Monolithic DSSCs have been investigated with regard to the role of the scattering layer. Monolithic DSSCs have the same operating procedure as a standard DSSC, but with an alternative architecture. This structure involves replacing the platinum coated FTO-glass counter-electrode with a graphite/carbon-black layer on top of the TiO₂ layer and the scattering layer, thus removing the need for the FTO-glass in the counter-electrode. This is advantageous as conducting glass is known to contribute to a considerable portion of the cost DSSCs. The monolithic design may also have advantages in that it allows for simplified manufacture and better sealing of cells, especially with solid state devices.

A scattering layer is employed because of its ability to improve light harvesting and to separate the working and counter-electrodes. However the role and structure of this layer has not yet been fully understood in the monolithic DSSC.

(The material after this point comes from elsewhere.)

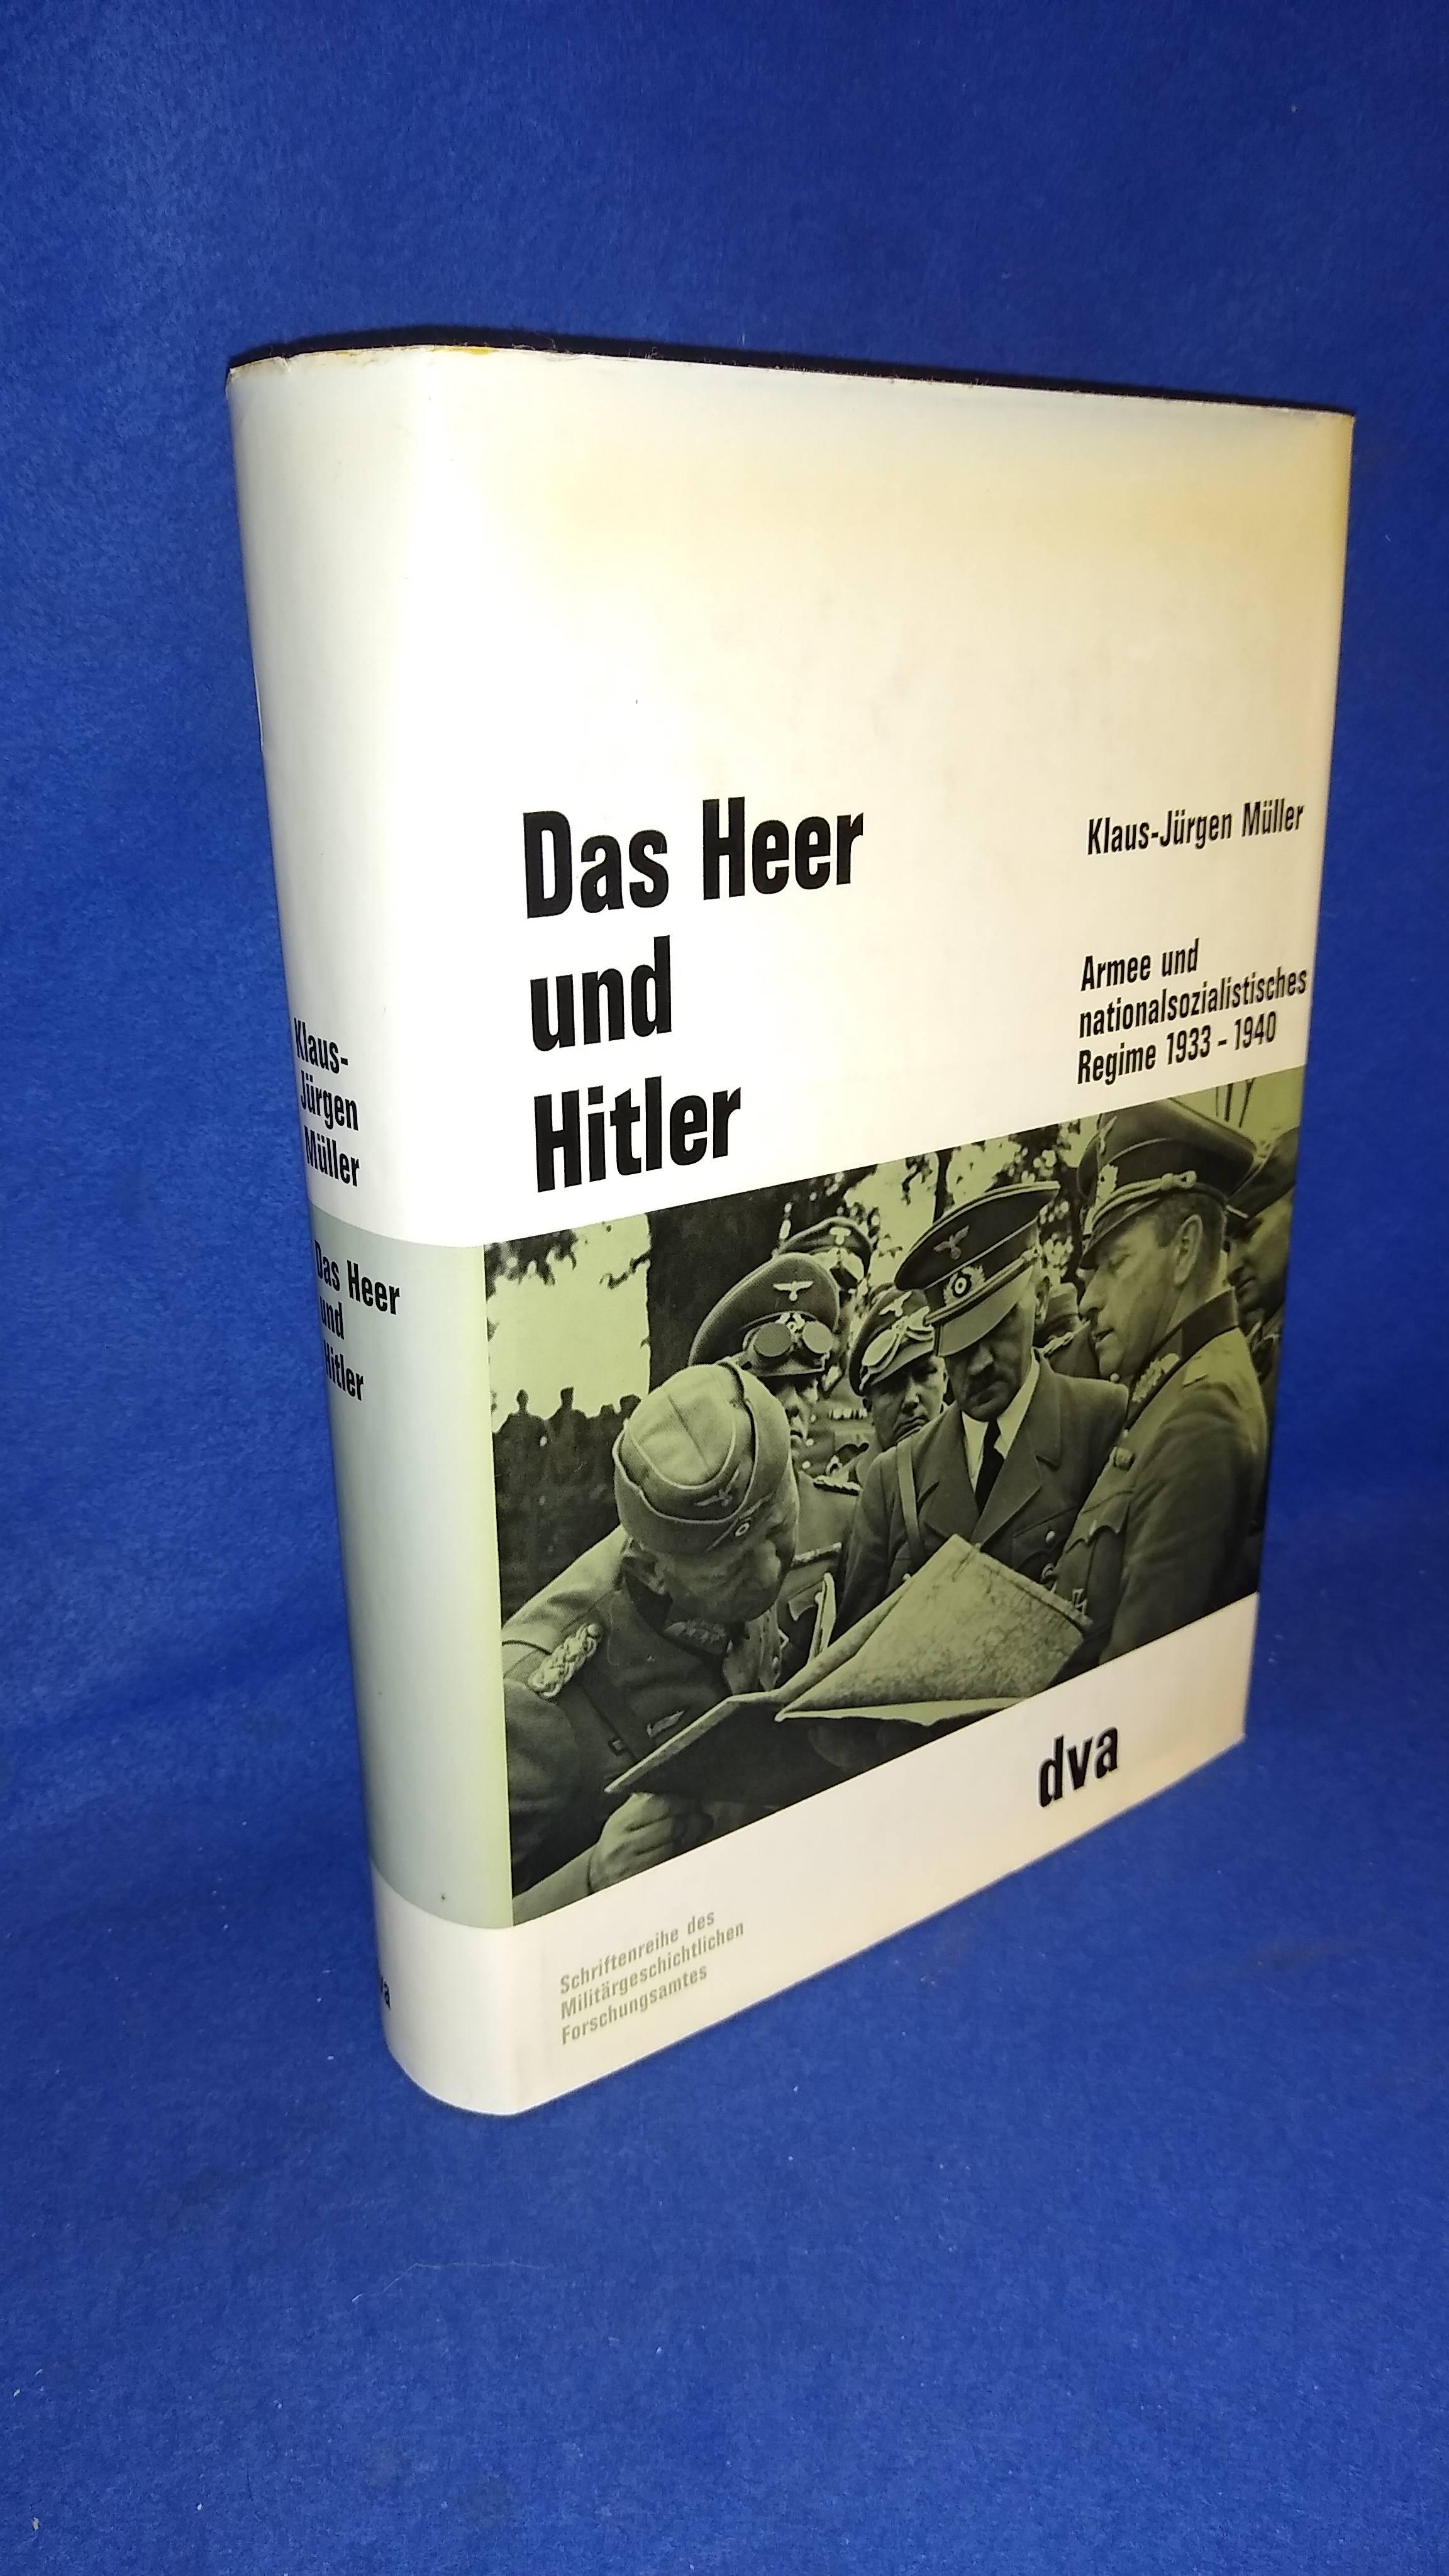 Beiträge zur Militär- und Kriegsgeschichte, Band 10: Das Heer und Hitler - Armee und nationalsozialistisches Regime 1933 - 1940

Scattering layers considered here are made from 400nm TiO₂ and/or 300nm ZrO₂, with comparison to cells without scattering layers to investigate the function of this layer and its optimal composition. In previous work this layer has been made of ZrO₂, which is photovoltaicly inactive and an insulating layer between the TiO₂ and graphite layers, to prevent transfer of TiO₂ conduction band electrons to the graphite. This assumption is investigated and challenged as TiO₂ and graphite make a blocking contact. This means the scattering layer can be made of large particles of photovoltaicly active anatase TiO₂ allowing for an increased light harvesting ability of the cell.